THE TASK
A picture-free, exact reproduction of the listing that follows is required.

[[ DATA EXTRACT open ]]

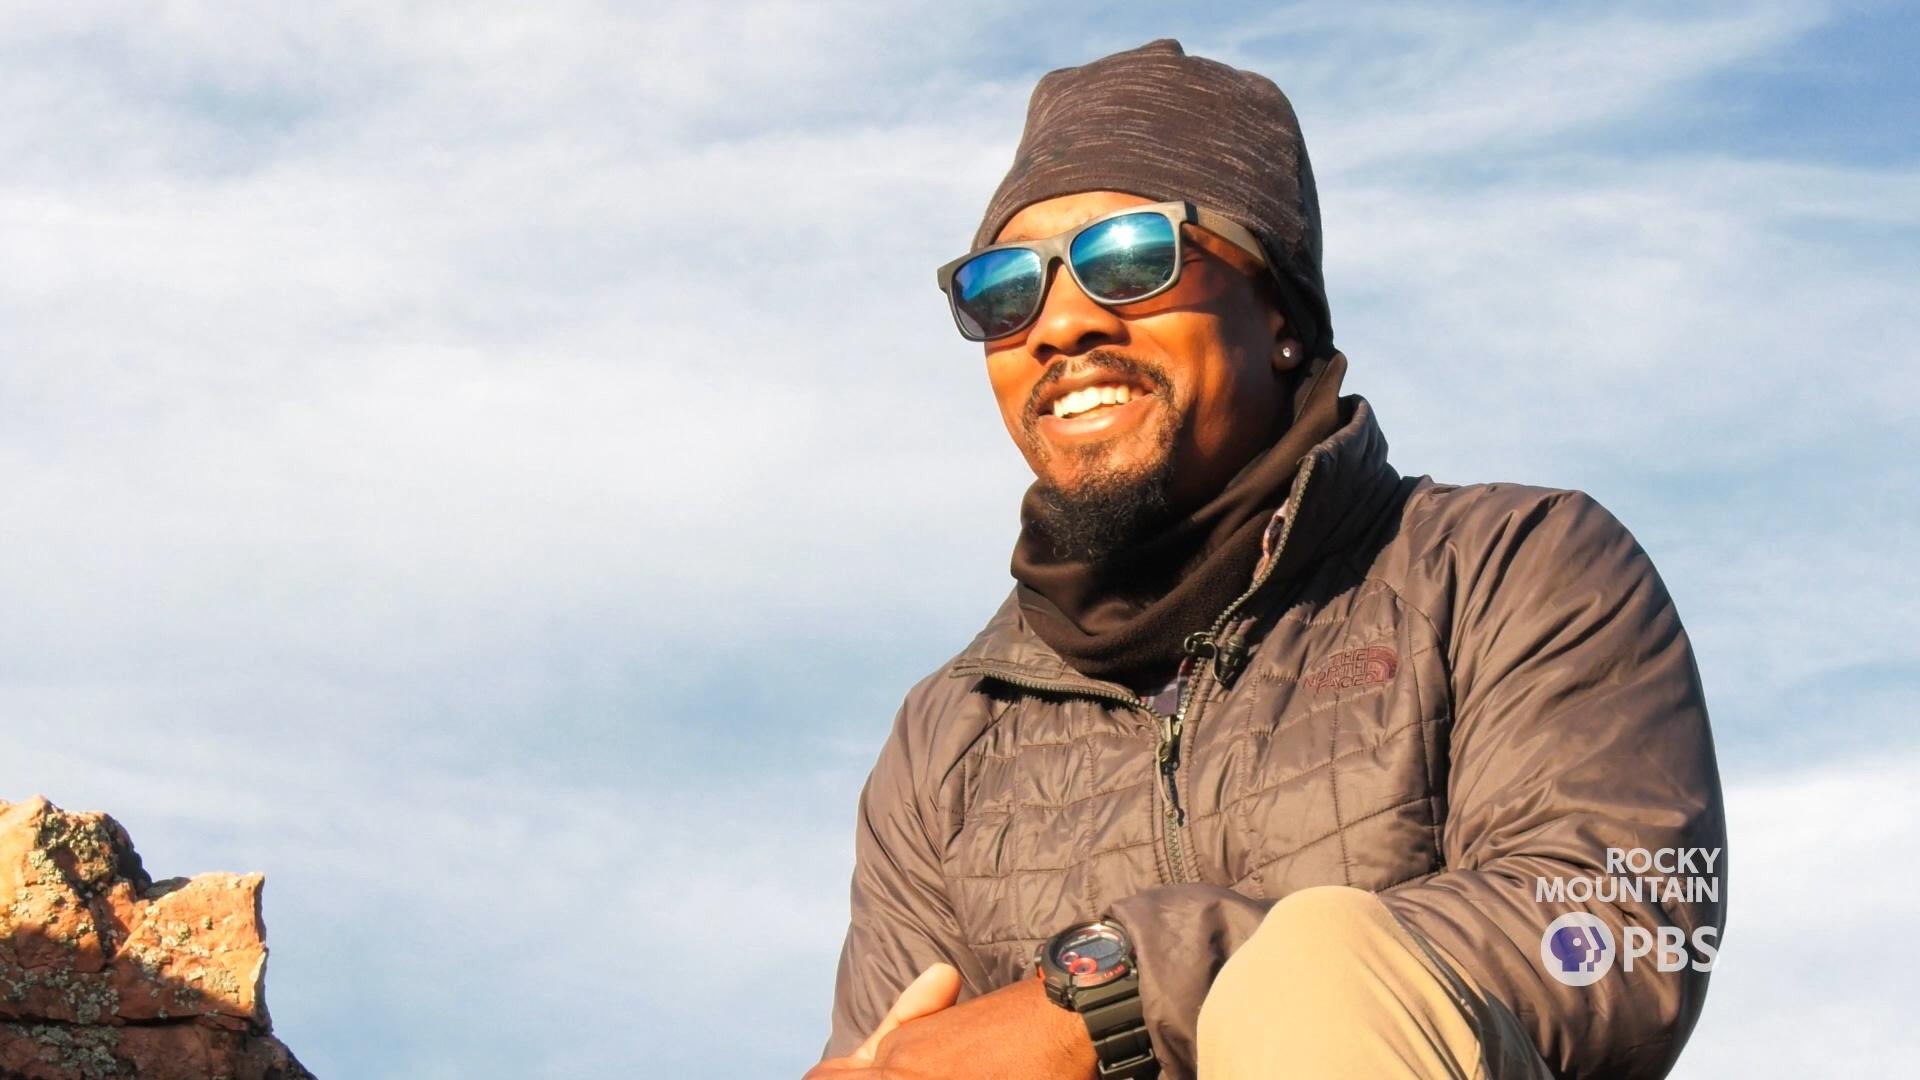 In September 2021, Evan Gill (aka The Black Sherpa) completed his goal of summiting every fourteener in Colorado.
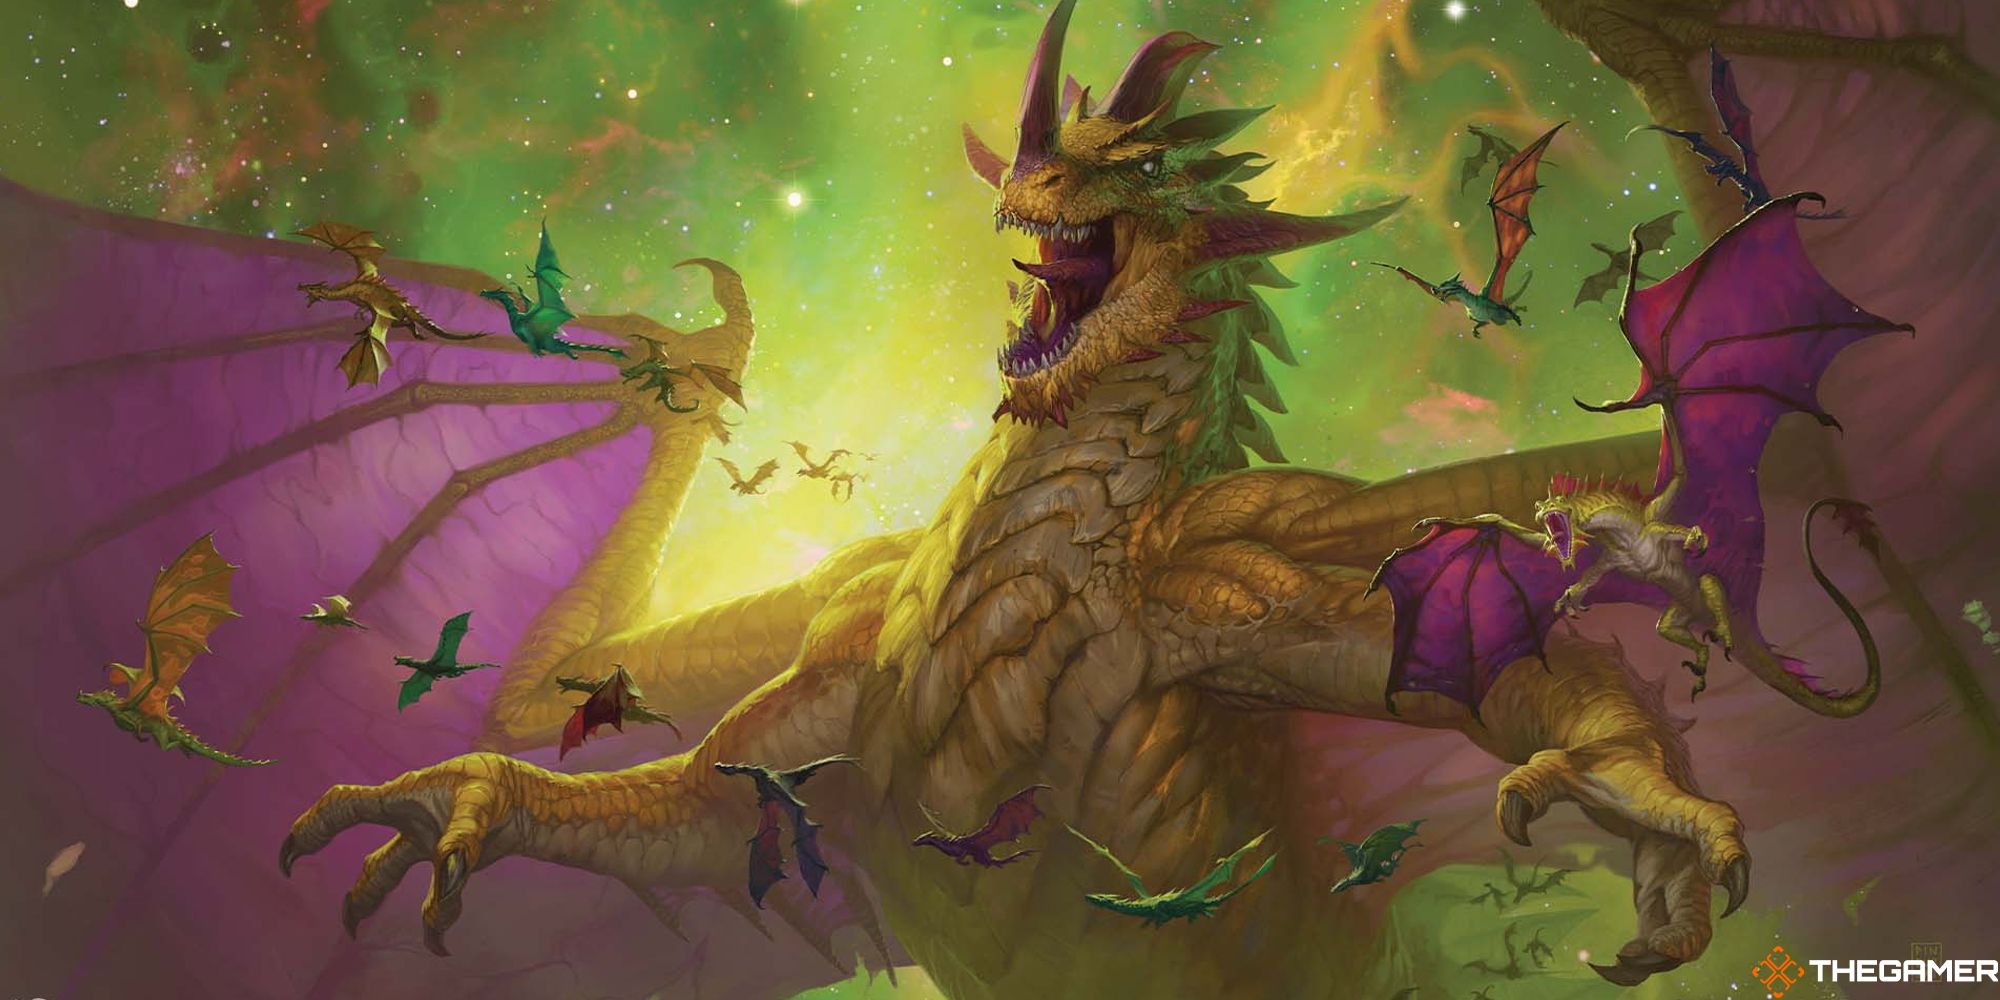 A large, yellow dragon surrounded by smaller ones.
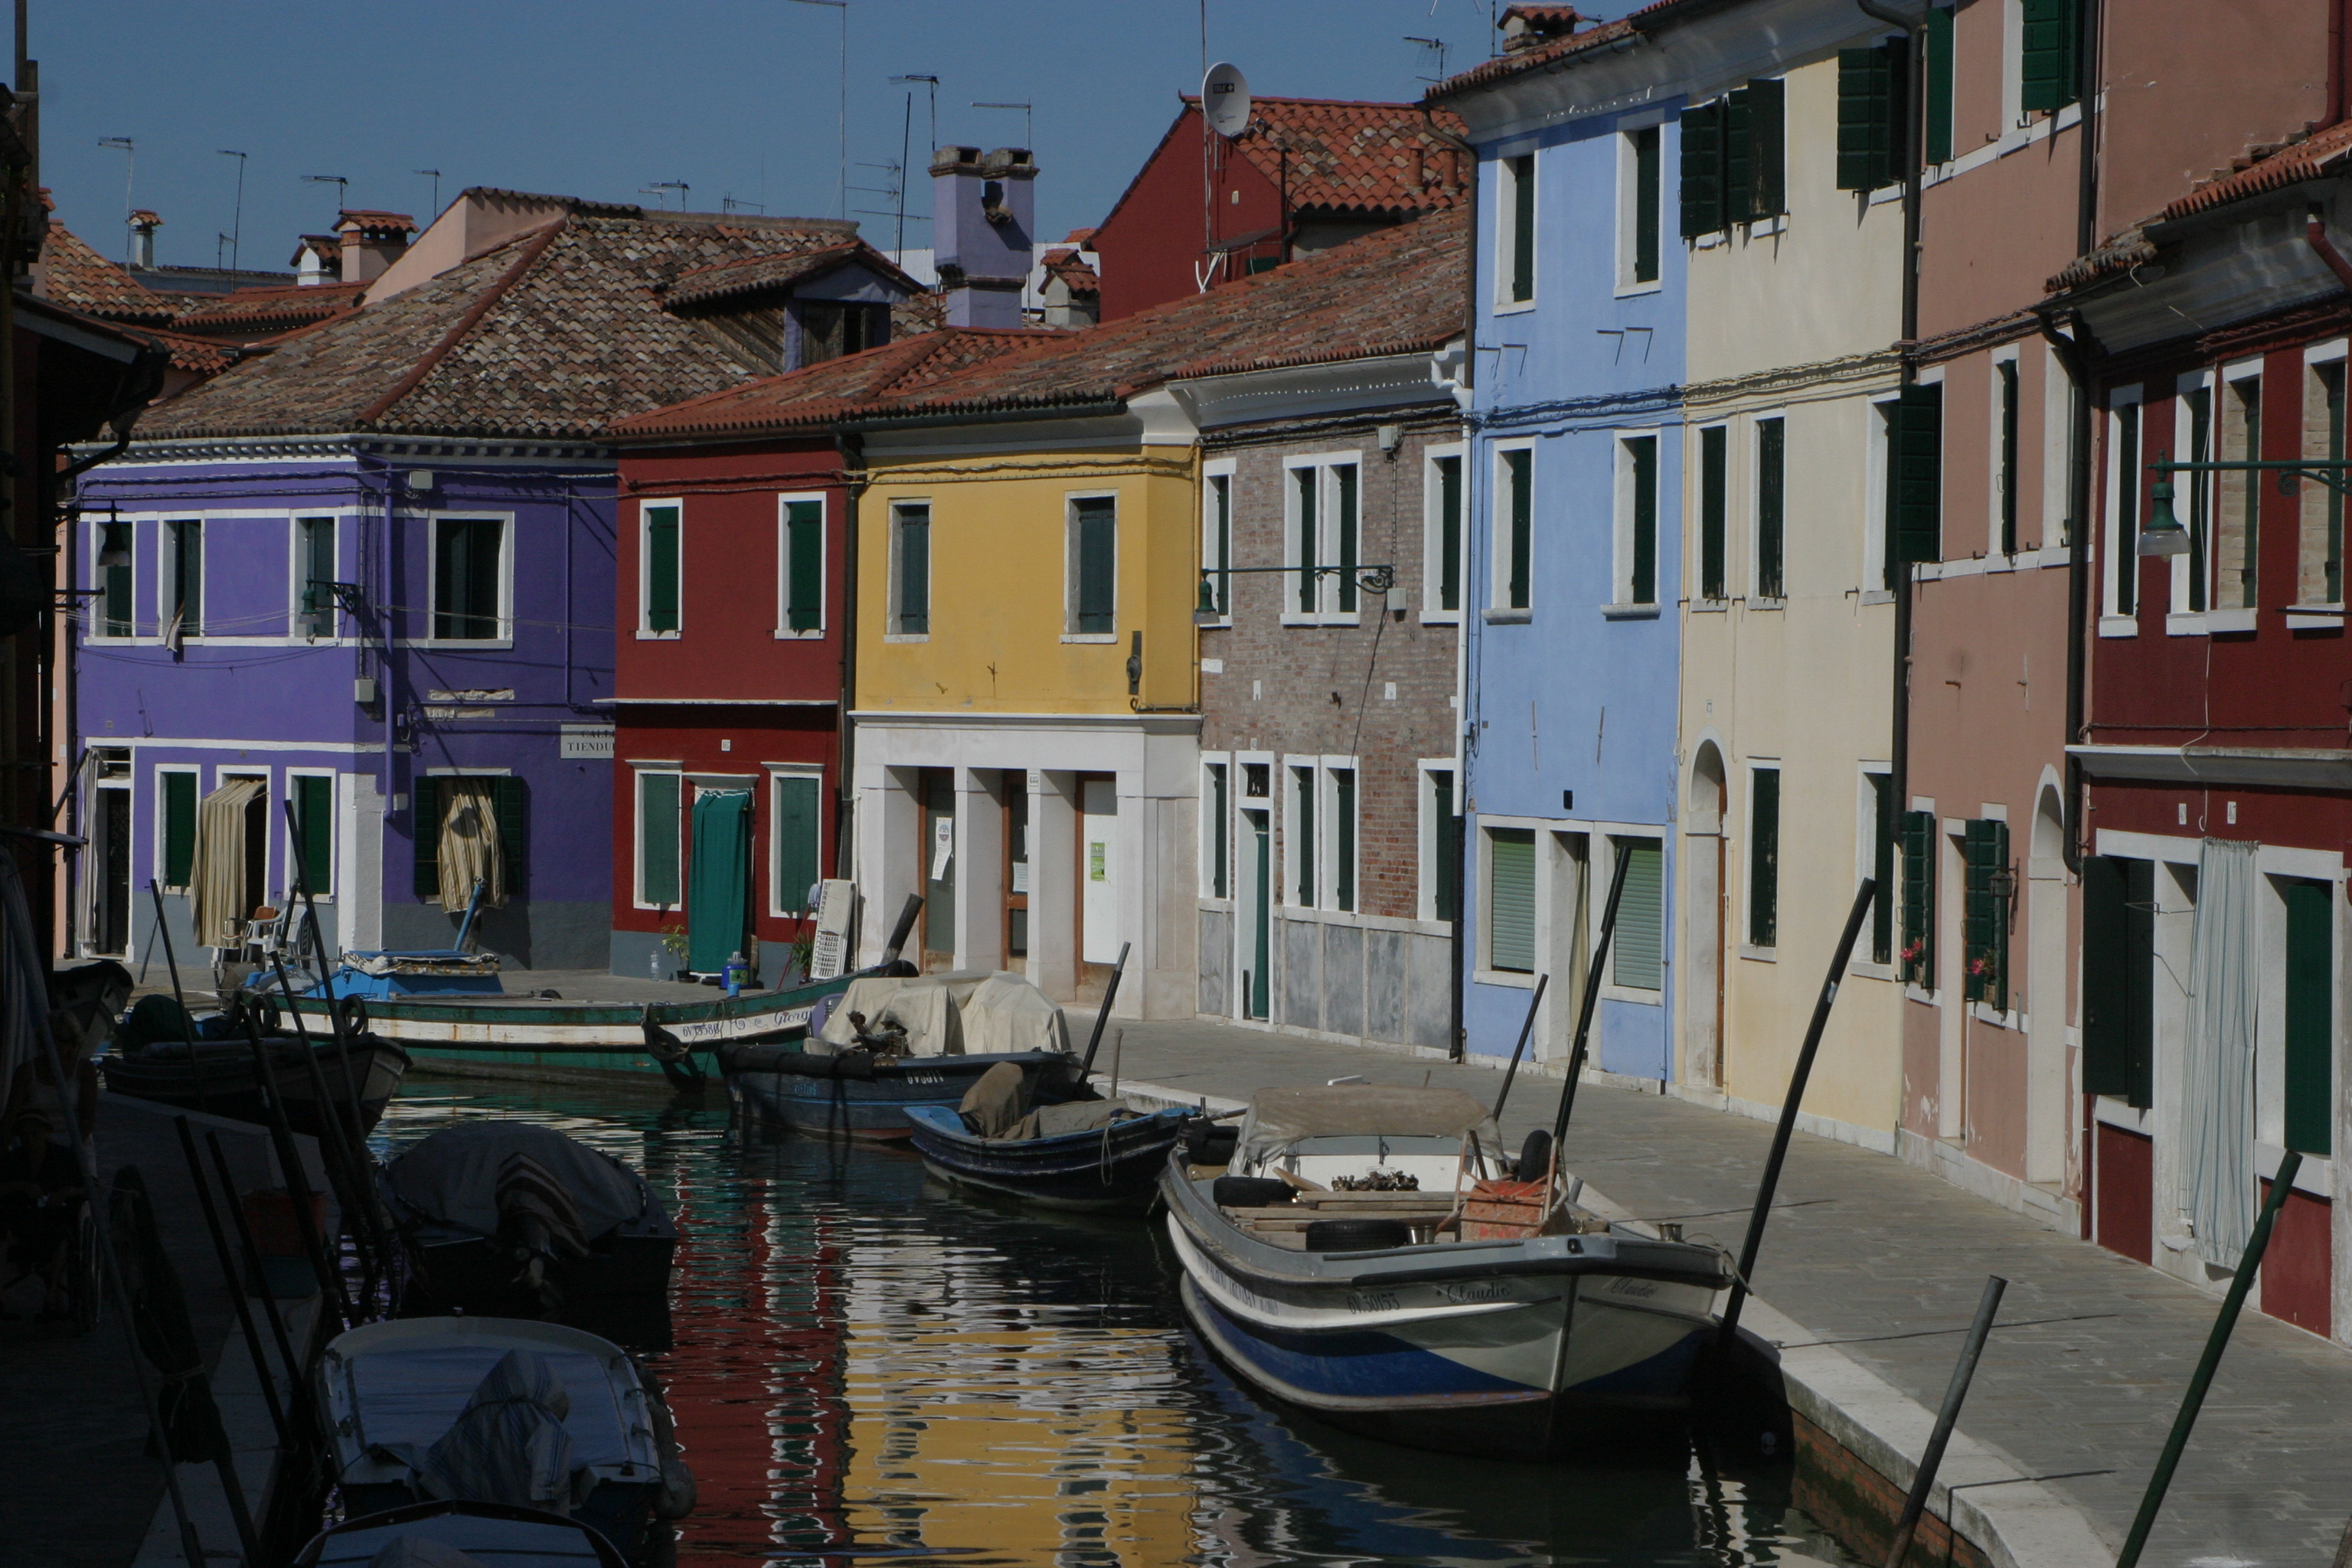 Colorful buildings on the island of Burano

[[ DATA EXTRACT closed ]]

RESPONSE BELOW
 In September 2021, Evan Gill (aka The Black Sherpa) completed his goal of summiting every fourteener in Colorado.
 A large, yellow dragon surrounded by smaller ones.
 Colorful buildings on the island of Burano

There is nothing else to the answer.